● ACTIVITY
Write the listing out again exactly as it stands, with no images.

● GIVEN MATERIAL
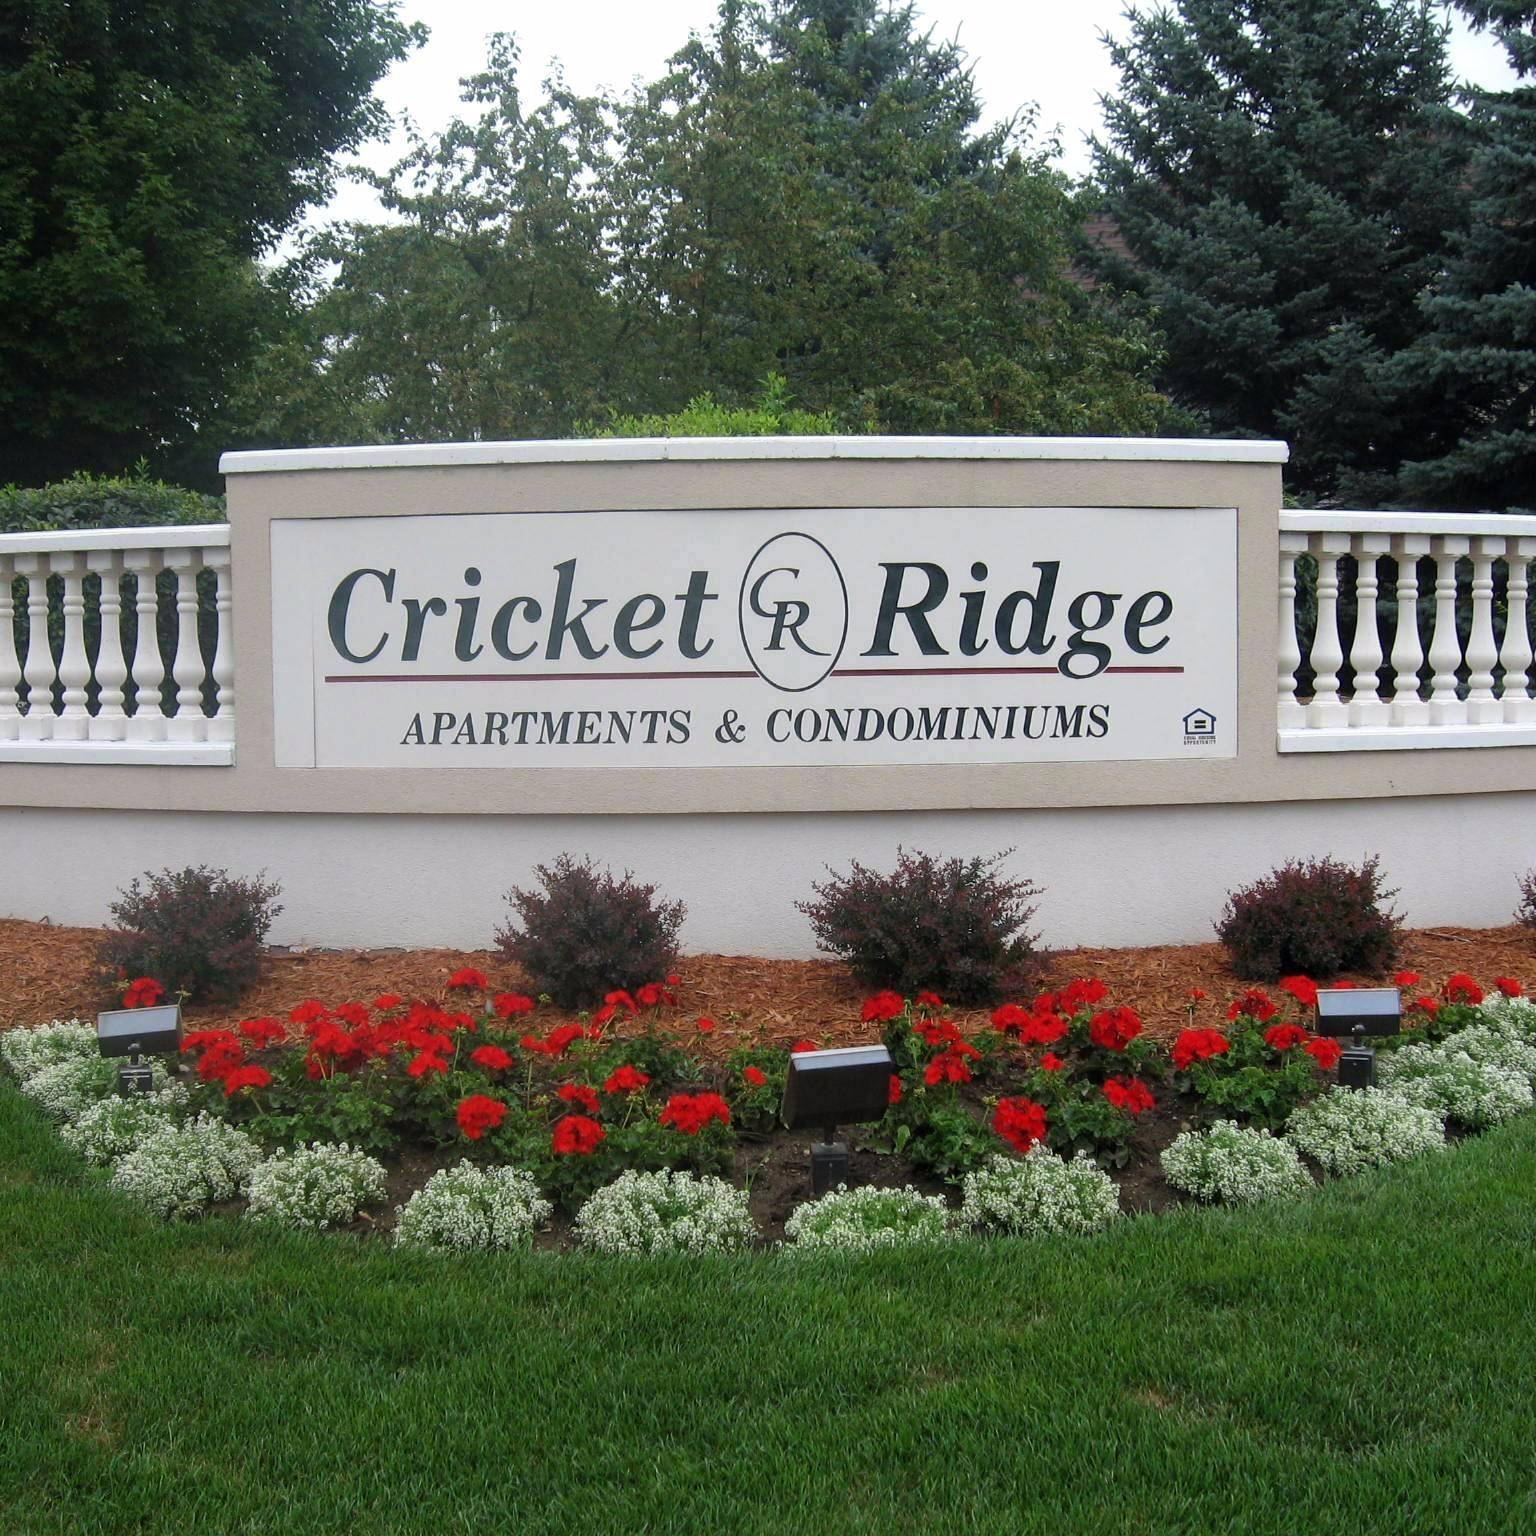 Cricket Ridge Apartments
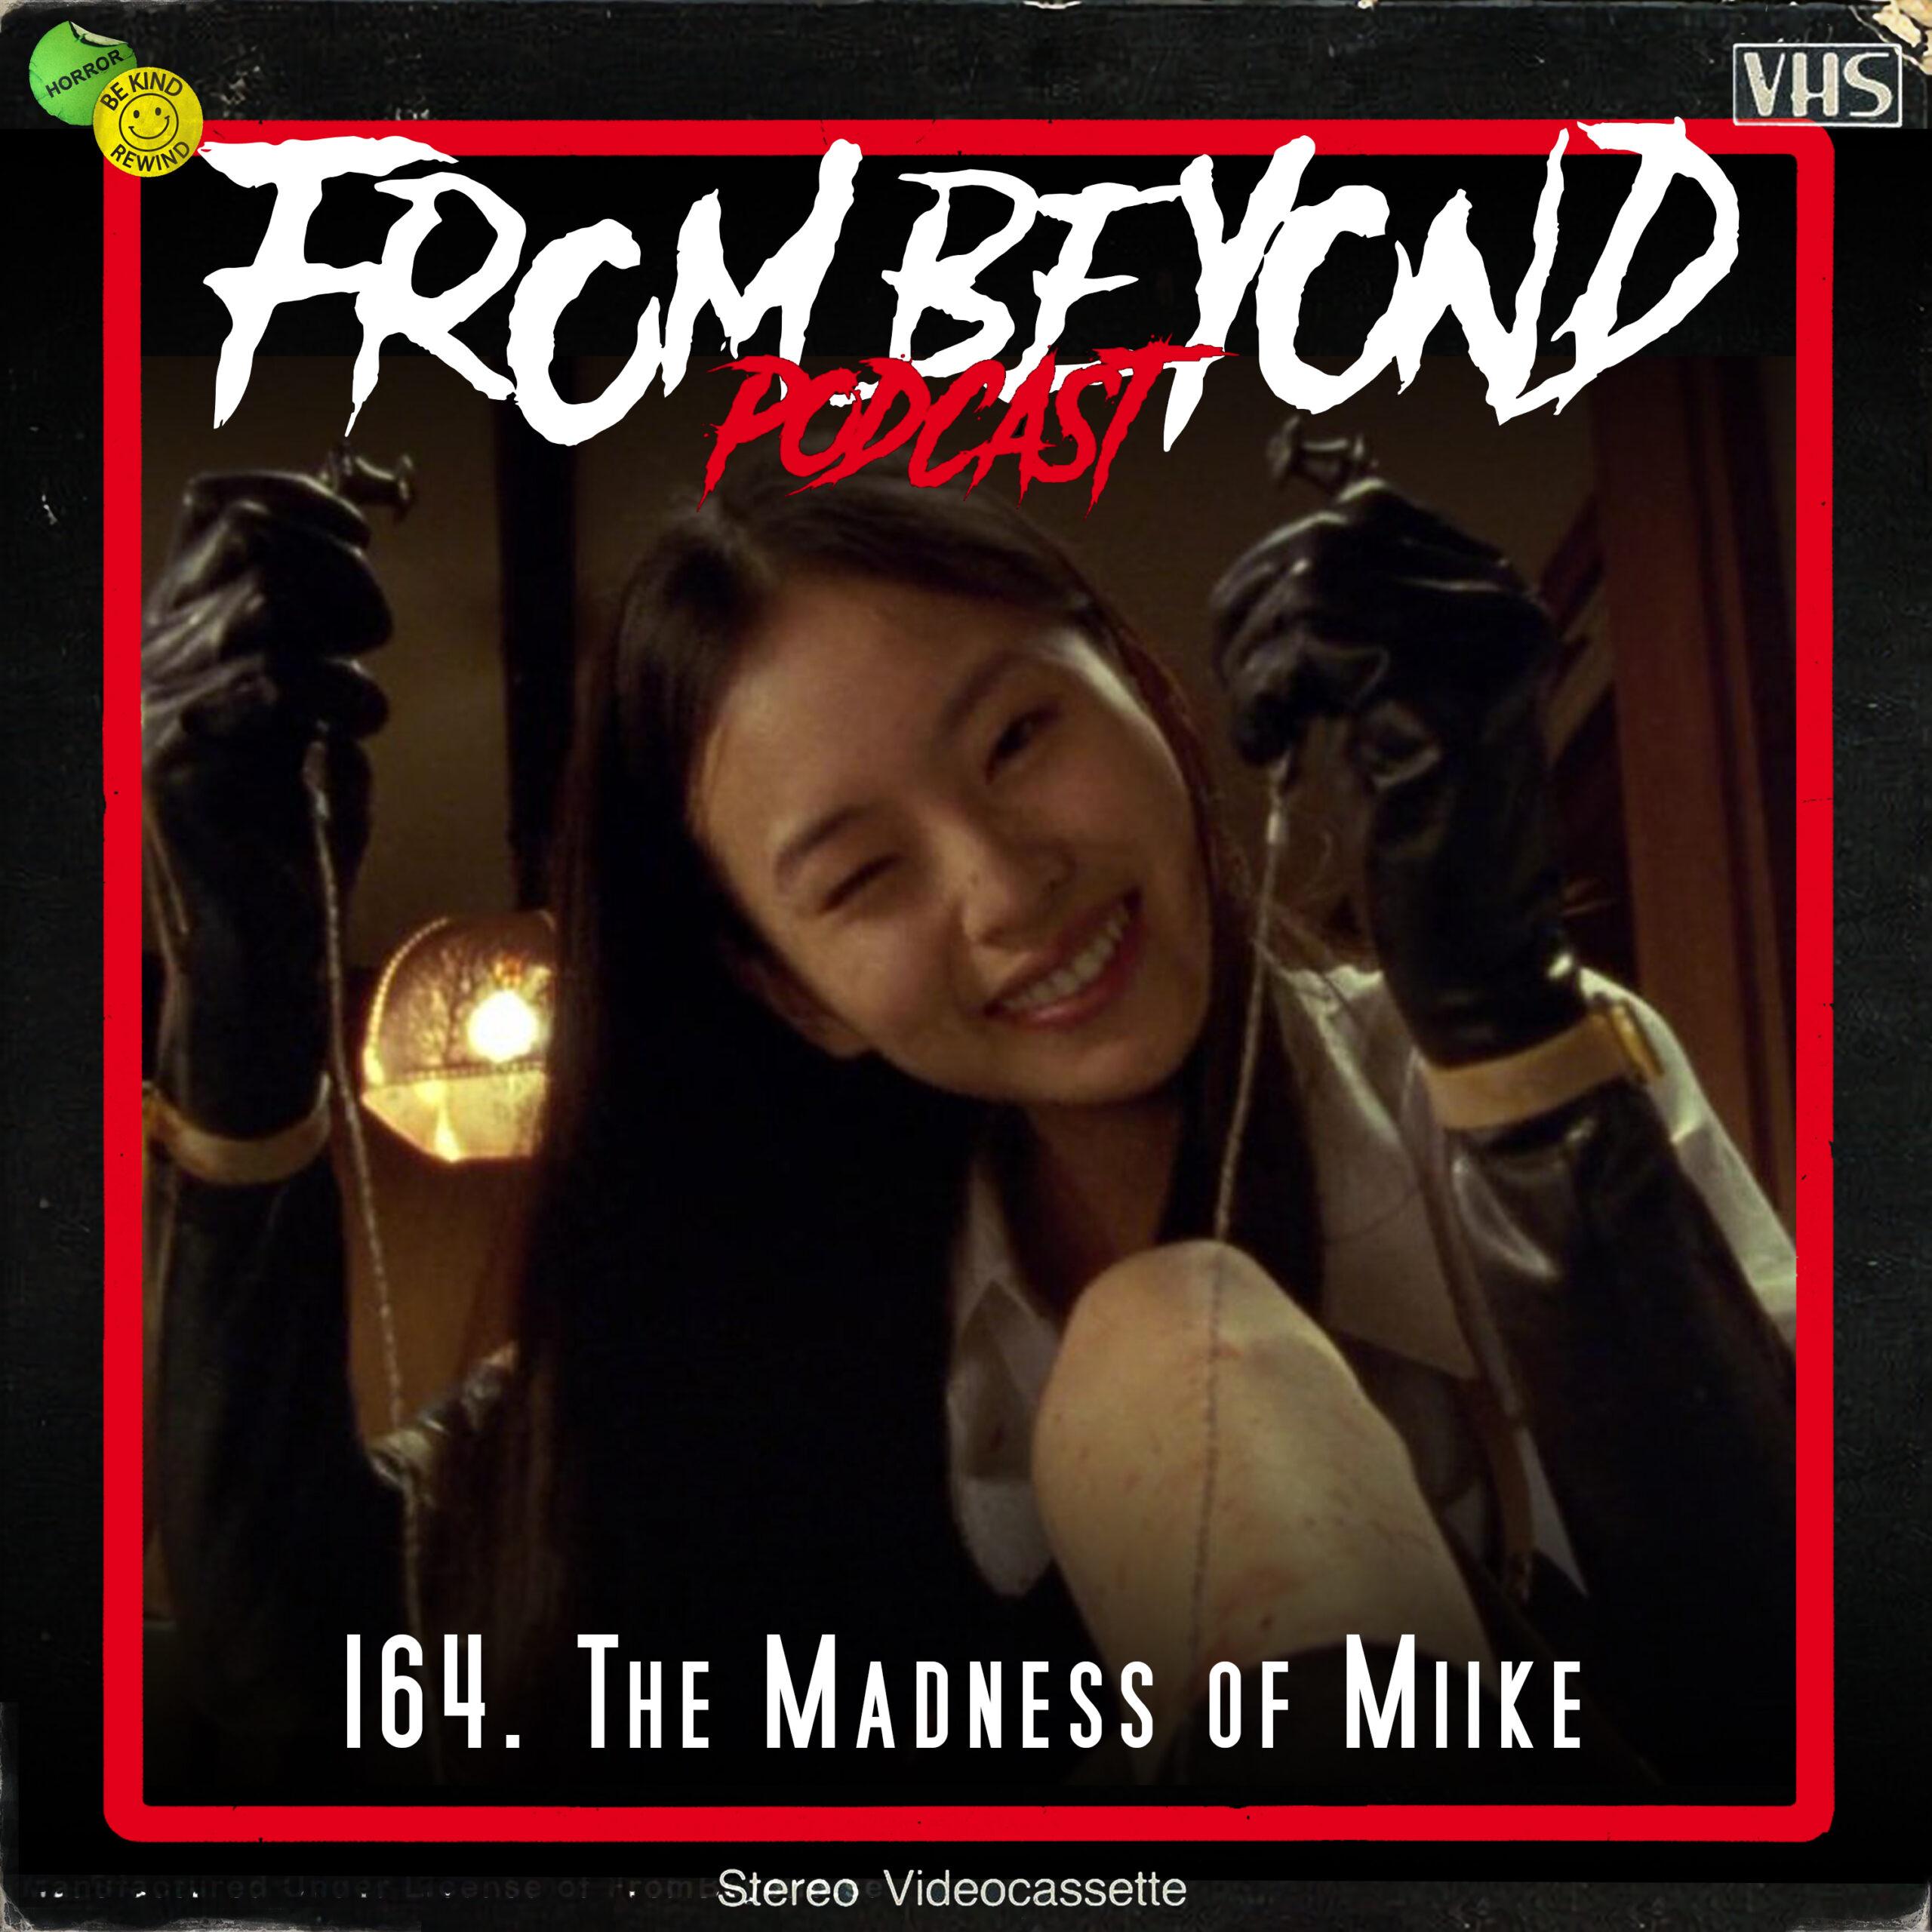 #164 – The Madness of Miike
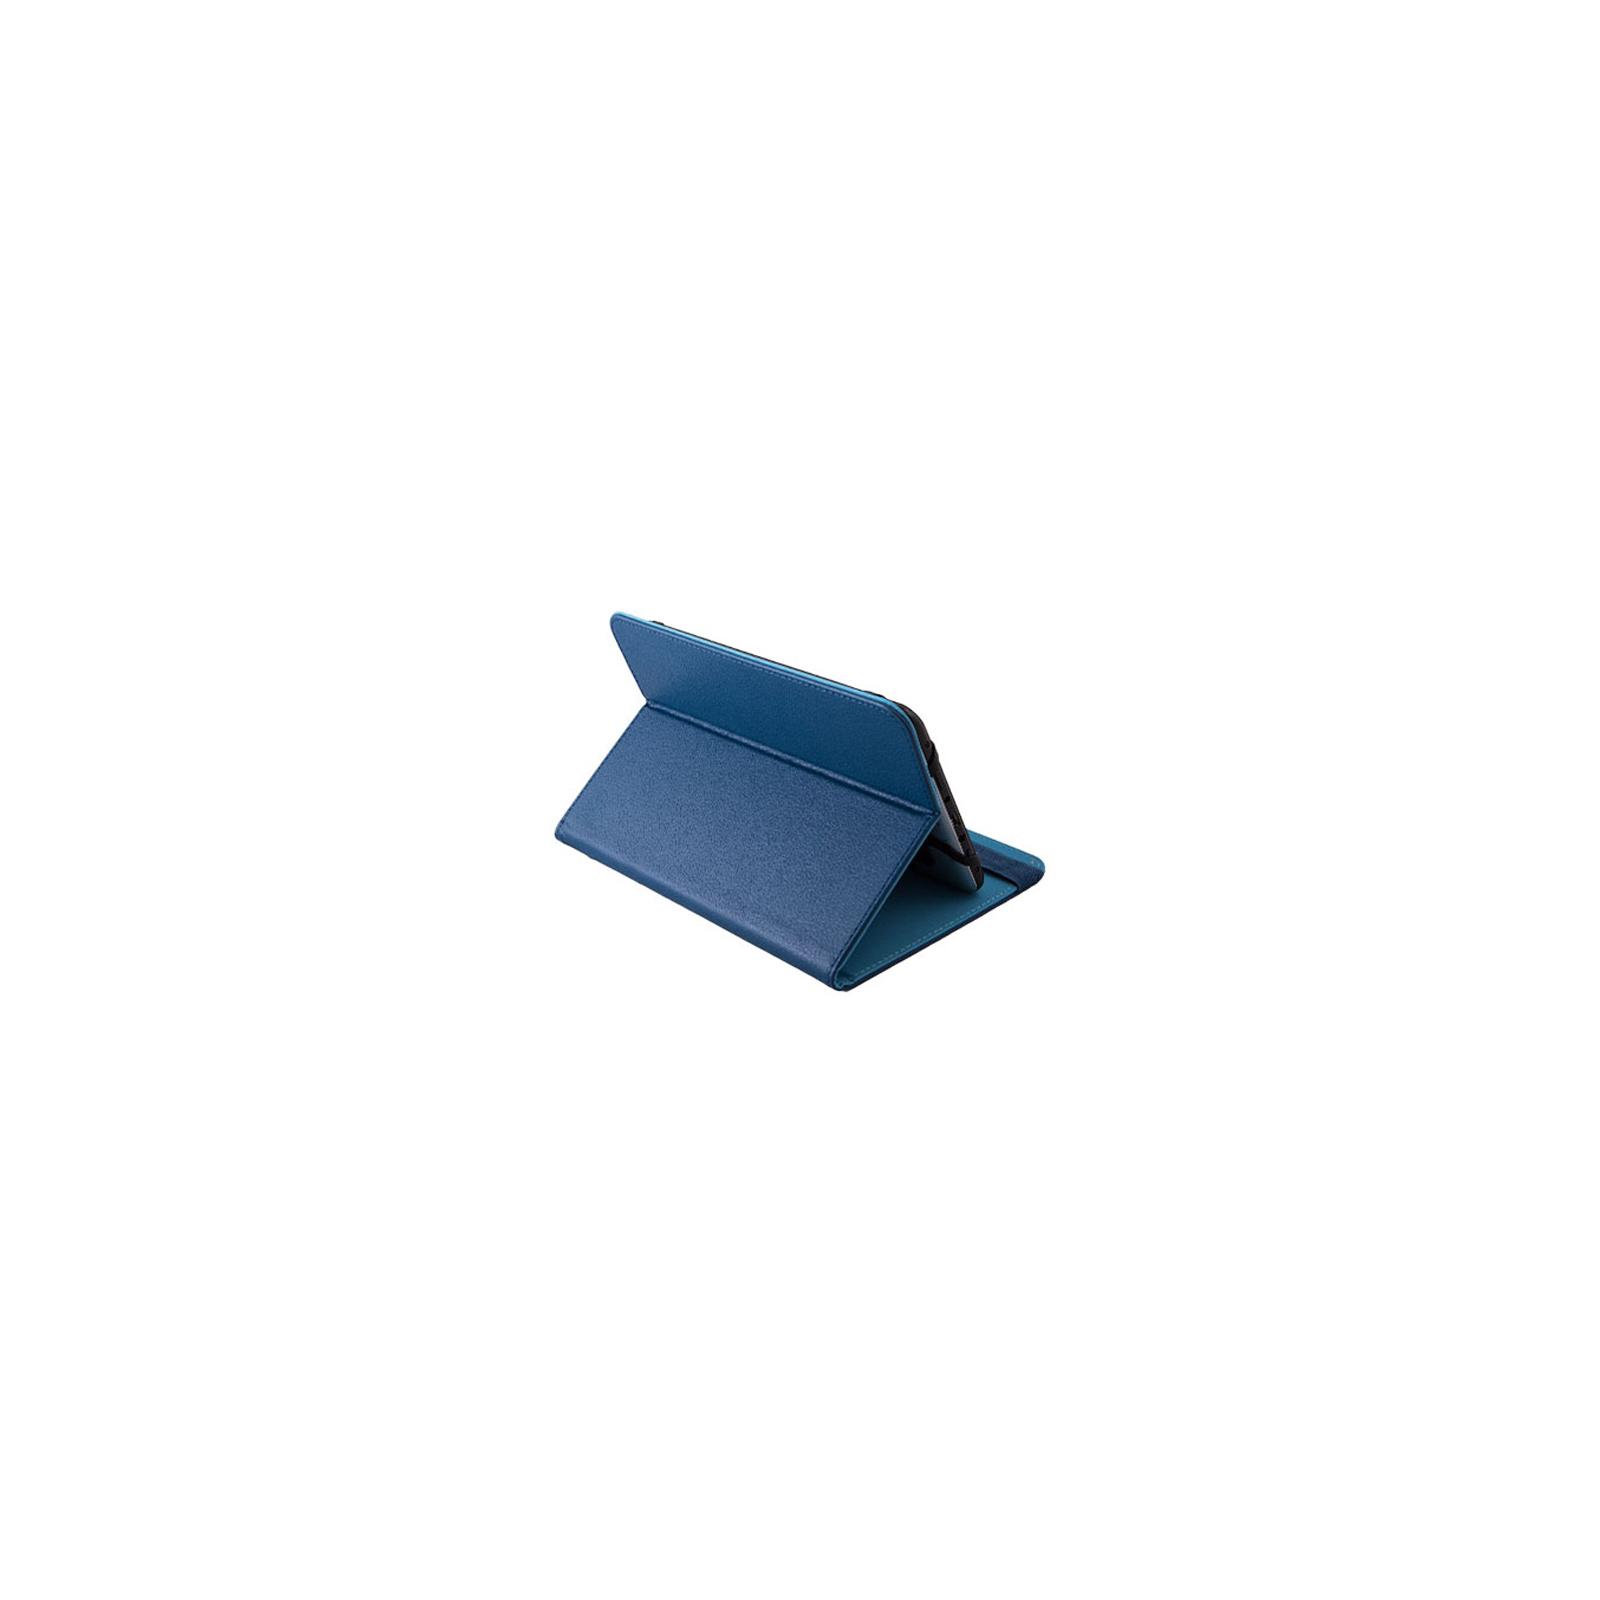 "Чехол для планшета Vellini 7"" Universal stand Dark Blue (216877) изображение 4"

● ANSWER FOR THE TASK
 Cricket Ridge Apartments
 #164 – The Madness of Miike
 "Чехол для планшета Vellini 7"" Universal stand Dark Blue (216877) изображение 4"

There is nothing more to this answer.